What makes this bunch of young people unique is that they don’t like themselves. It doesn’t occur to them that they deserve better – I mean that they don’t think they deserve a real shot at the good life and the help they desperately need to attain it. To complicate matters, a lot of these young people are truly damaged goods. Even though I’m in the thick of it, I have a hard time calling these things. But this makes it all the more essential that we work on the youngsters we can work with. Those ones aren’t too hard to spot to the perceptive viewer. It’s worth keeping an eye out for the corporals among the privates. And if we get them going, they can sift through their questionable peers.
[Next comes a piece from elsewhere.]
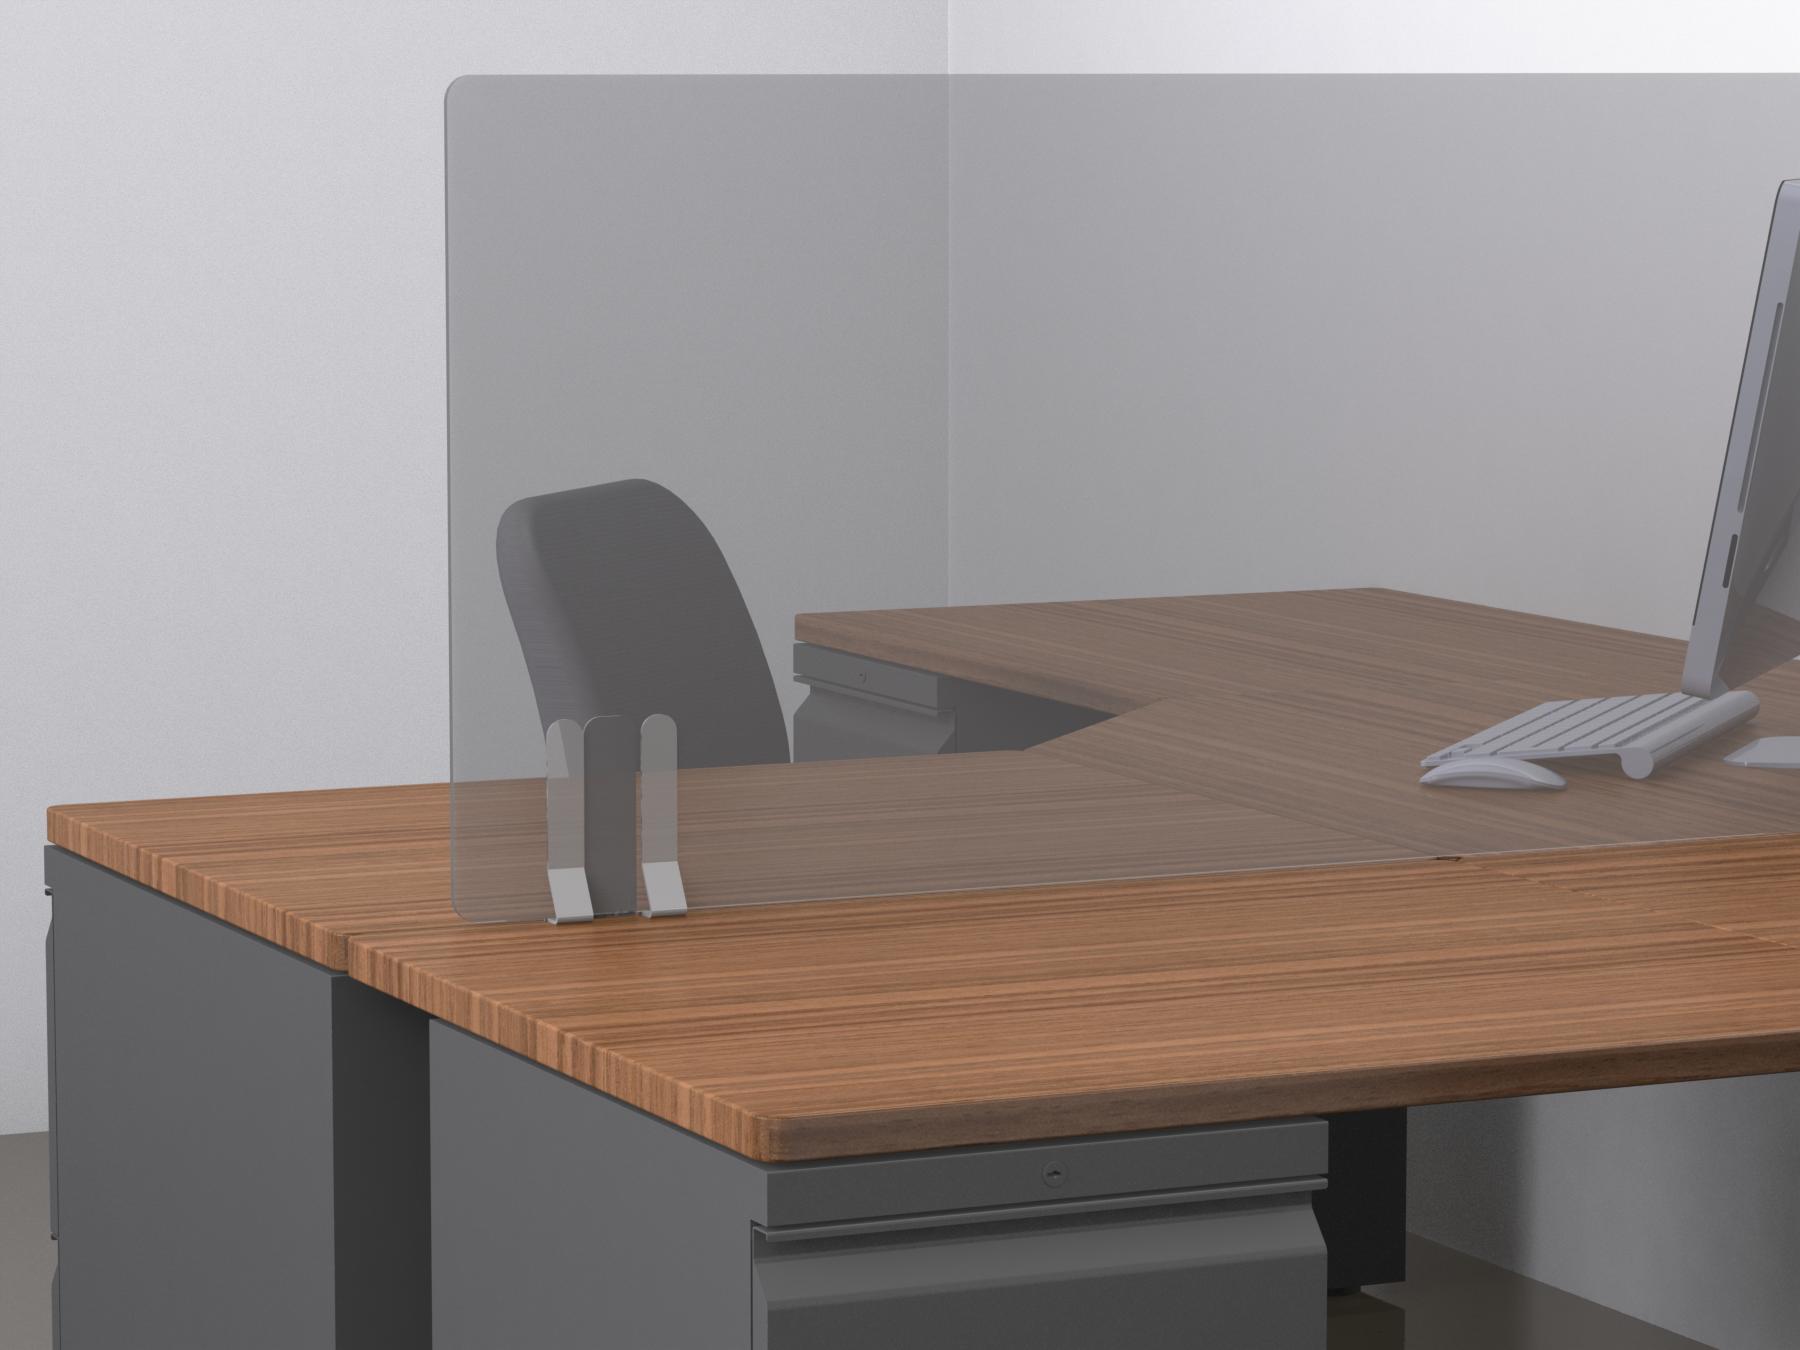 moodprivacy social distancing desk divider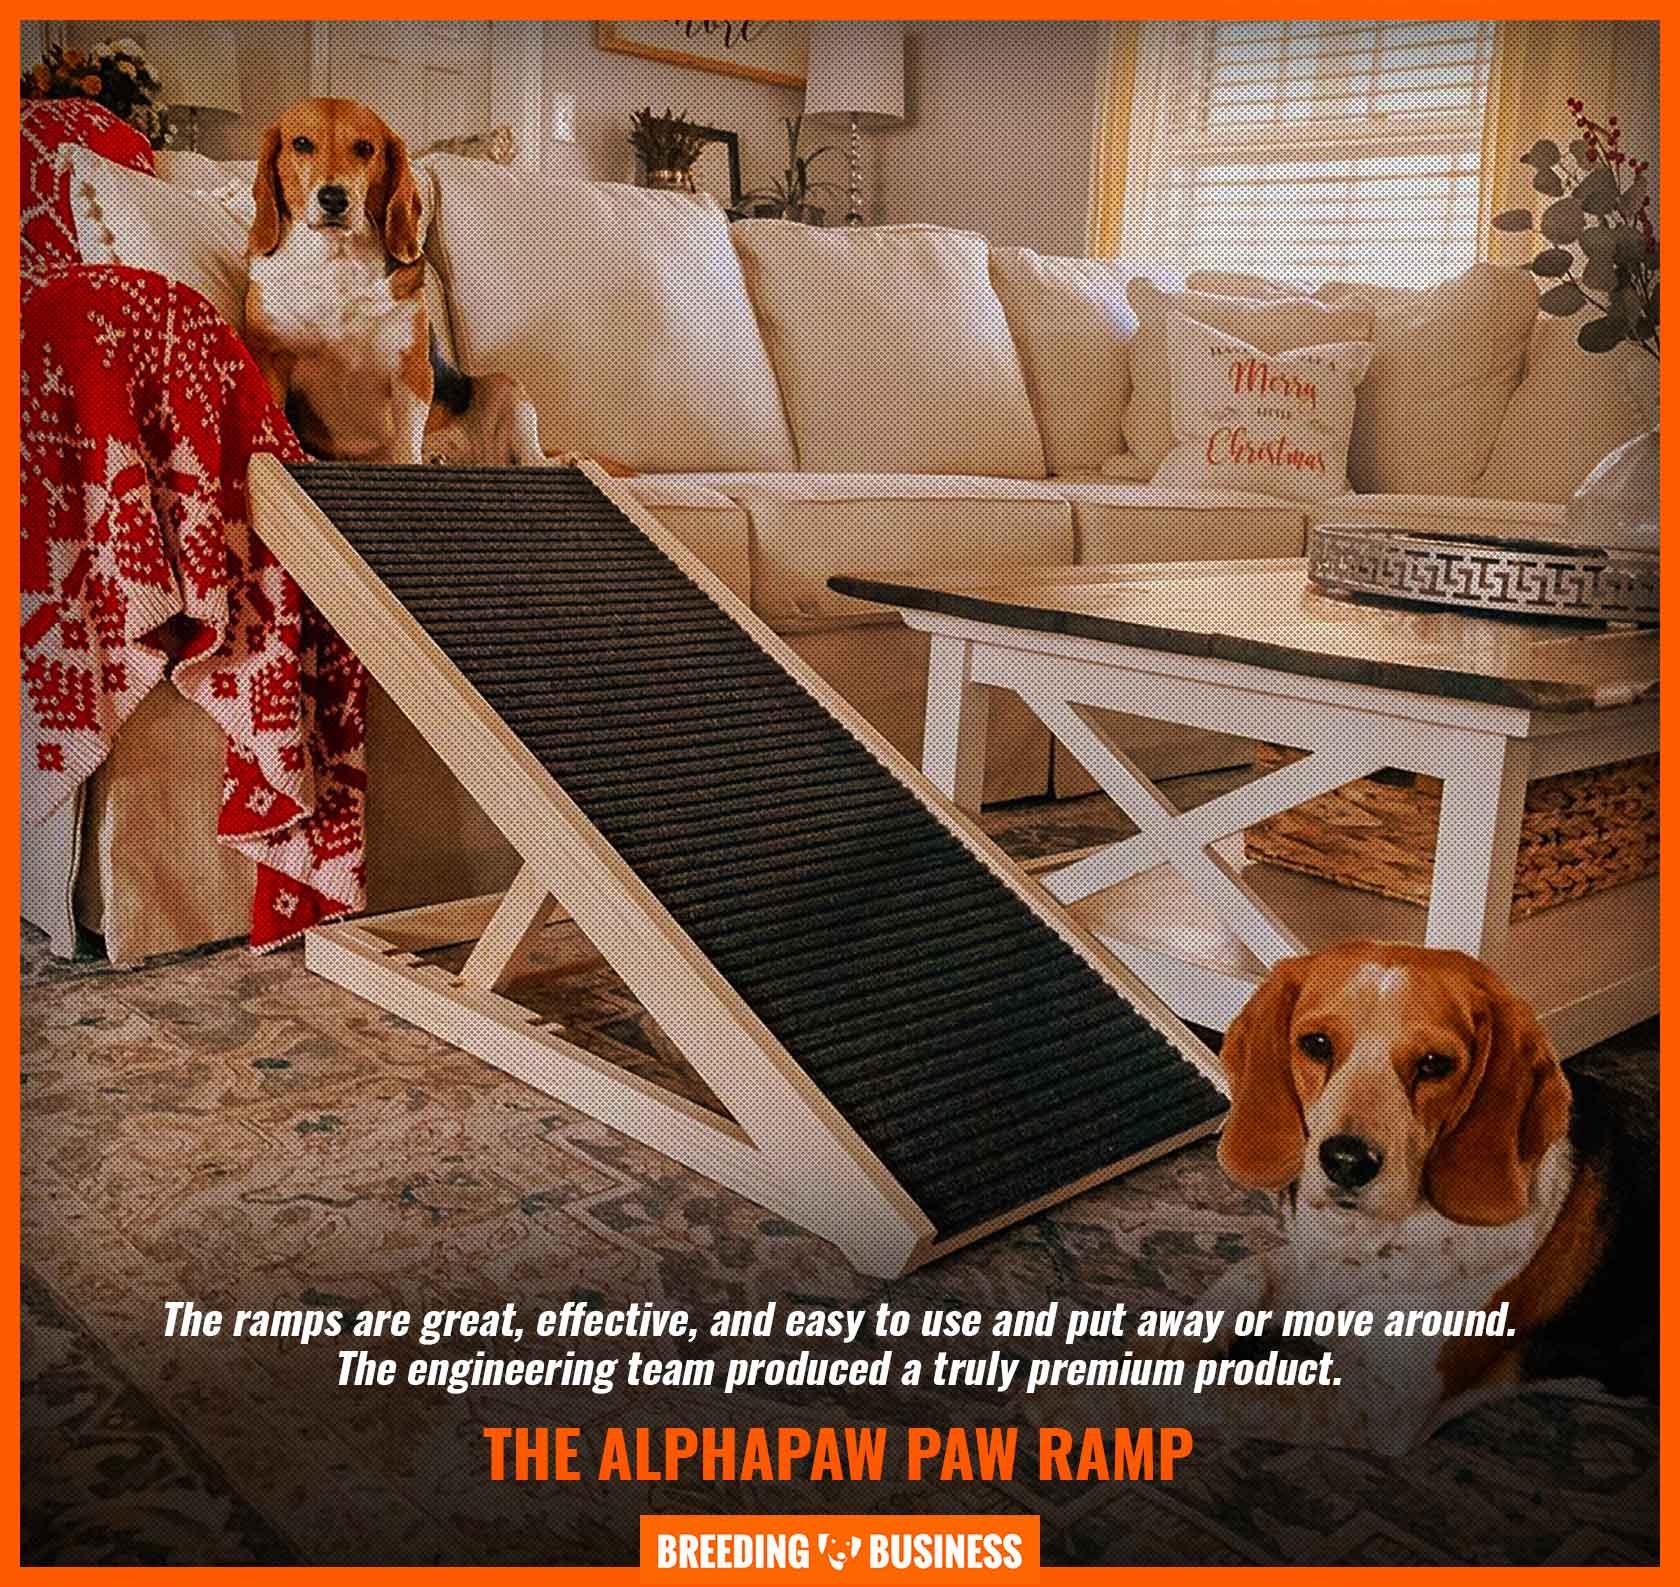 AlphaPaw PawRamp Review

In an ideal world, busy adults could be busy with their business. But the times aren’t ideal. The kids are not alright. Thankfully they’re not done for. They just don’t have a high enough opinion of themselves to think they’re worth anybody’s time – they don’t even think they’re worth their own. But if you have some to spare, consider adopting one of the few you think has some potential. Give it a try even if they don’t ask (most won’t have the courage). But if we’re lucky, they, and your biological grandchildren, will thank you for the help they didn’t know how to ask for.

*** Special thanks to @flicker for encouraging this follow-up post. I hope I moved the needle towards what you were asking about. I owe you at least one more post about the other thing!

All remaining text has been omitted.